Take into consideration a cell in Jupyter Notebook that has the following lines of code in it:
In : 10+5
Out : 17
Only the most recent output will be written since this is the default behavior of the cell; to print any of the others, the print() function will need to be used. It has come to our attention that we can print all of the outputs by including the following code snippet at the very beginning of the notebook.
from IPython.core.interactiveshell import InteractiveShell InteractiveShell.ast_node_interactivity = “all”
To return to the initial configuration:
Interactive shell.ast_node_interactivity = “last_expr”
The typical command line syntax for executing a Python script is python hello.py. However, running the same script with an extra -I, such as Python -I hello.py, has additional benefits. How can we do this?
Python does not quit the interpreter after reaching the programme’s conclusion. Thus, we can validate the variables’ values and the specified functions’ validity.
Second, given that we are still within the interpreter, it is pretty simple for us to start a Python debugger by doing the following:
After this, we will be able to work on the code since we will have been brought to the point where the exception has happened.
Ctrl/Cmd + / comments out selected lines in the cell automatically. Hitting the combination again will uncomment the same line of code.
When working in Jupyter Notebook, have you ever made the mistake of deleting a cell by accident? If you answered yes, then the following is a shortcut that will reverse the operation of deleting that file.
If you have deleted a cell’s contents, you can quickly recover it by hitting CTRL/CMD+Z.
If you need to recover an entire deleted cell, hit ESC+Z or EDIT > Undo Delete Cells.

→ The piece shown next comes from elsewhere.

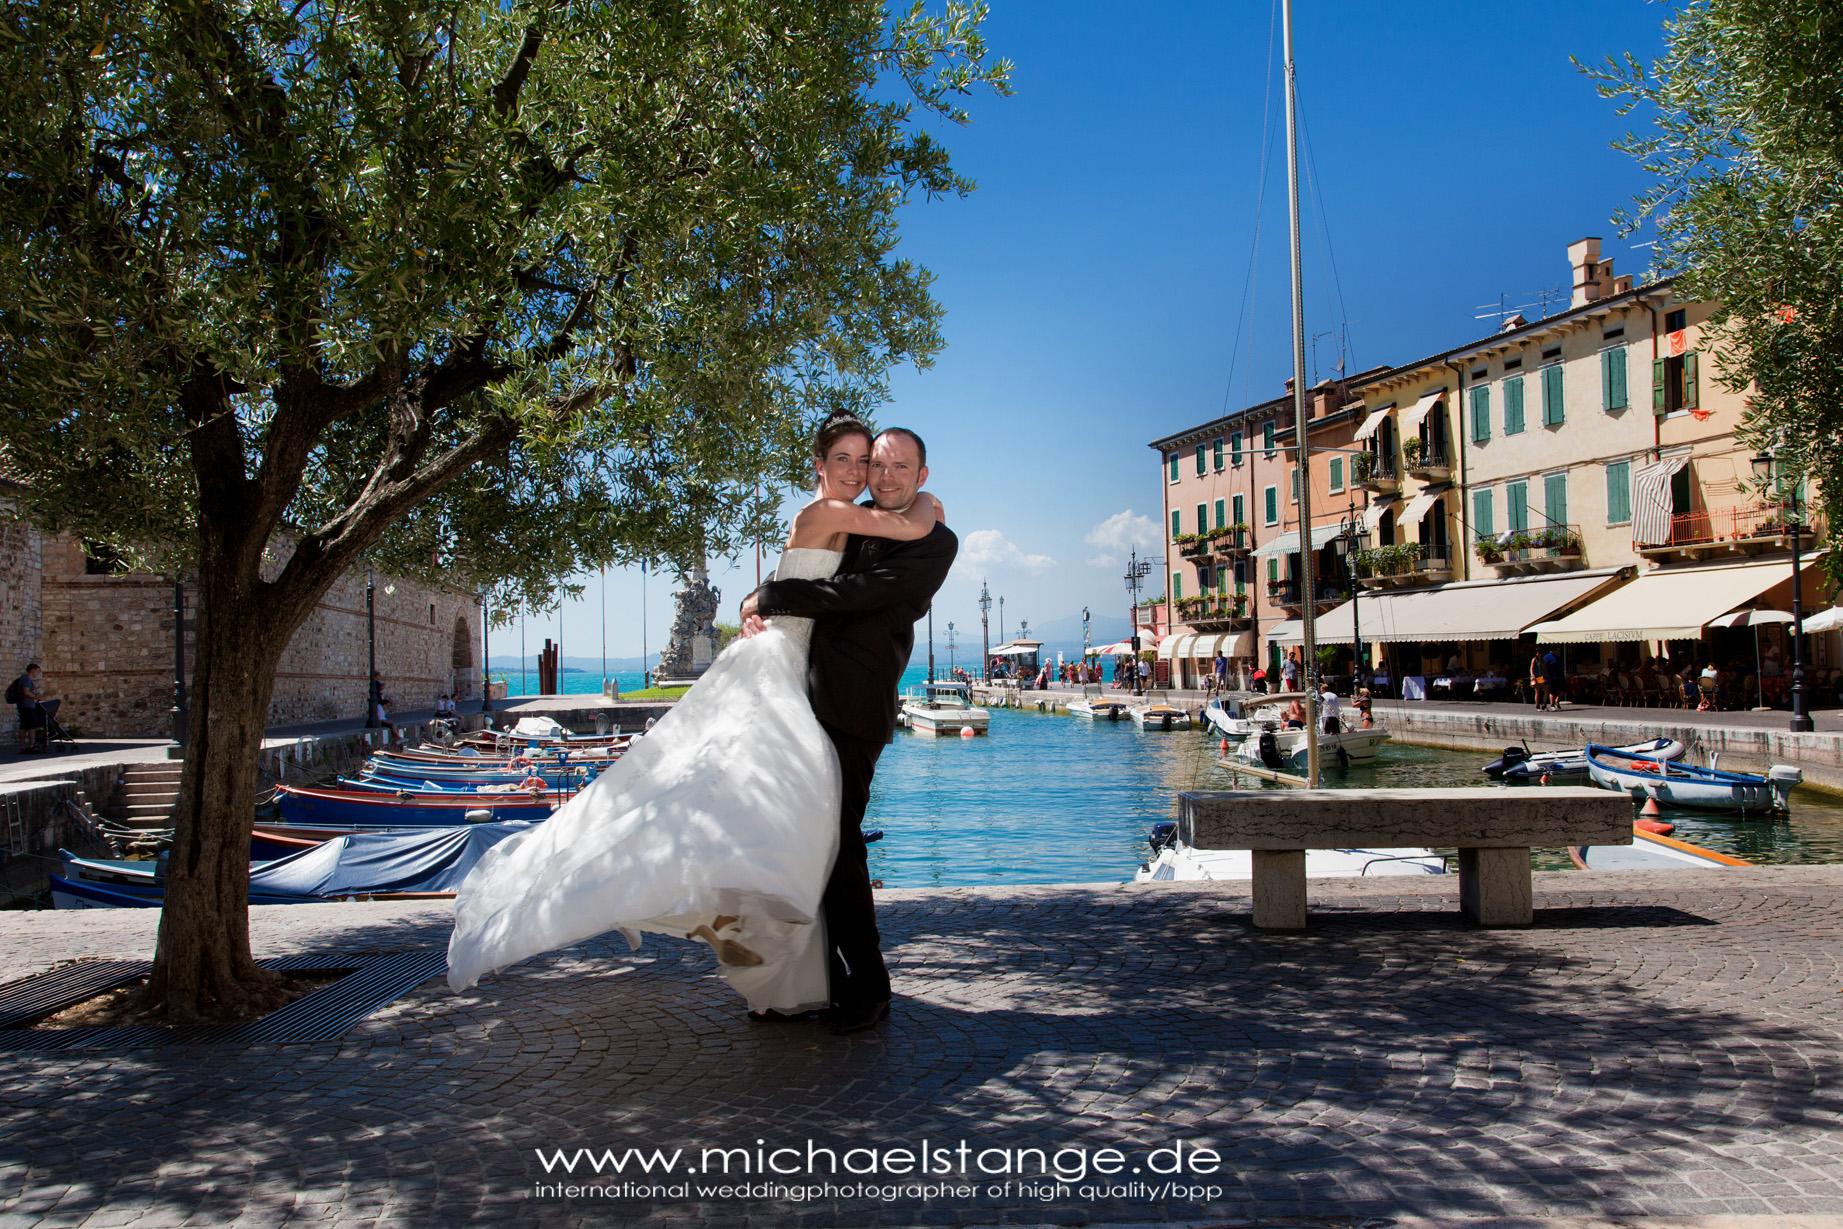 108 Hochzeitsfotograf Michael Stange Baltrum Osnabrueck

I hope you have found this post helpful. These tips will give you an excellent foundation to work from if you start coding. Once you get more comfortable with Python and Jupyter Notebooks, plenty of other resources are available to help you learn even more. Stay curious and keep learning; that is the best way to grow as a programmer. Thanks for reading!
Python and R are free, open-source programming languages that may be executed on various operating systems, including Windows, macOS, and Linux. Both are capable of doing almost any data analysis activity, and both are regarded as languages that are not too difficult to master, particularly for those just starting.
Because R’s code is not standardized, learning R might be challenging for novices. For most students, Python is often simpler to understand and has a straight learning curve. In addition, the amount of time spent coding is reduced while using Python since it is simpler to maintain and has a grammar comparable to the English language.
It is recommended that you first get familiar with Python before moving on to R. There are still plenty of jobs where R is required, so if you have the time, it doesn’t hurt to learn both. Still, I’d suggest that these days, Python is becoming the dominant programming language for data scientists and is the better first choice to focus on. There are still plenty of jobs where R is required if you have the time.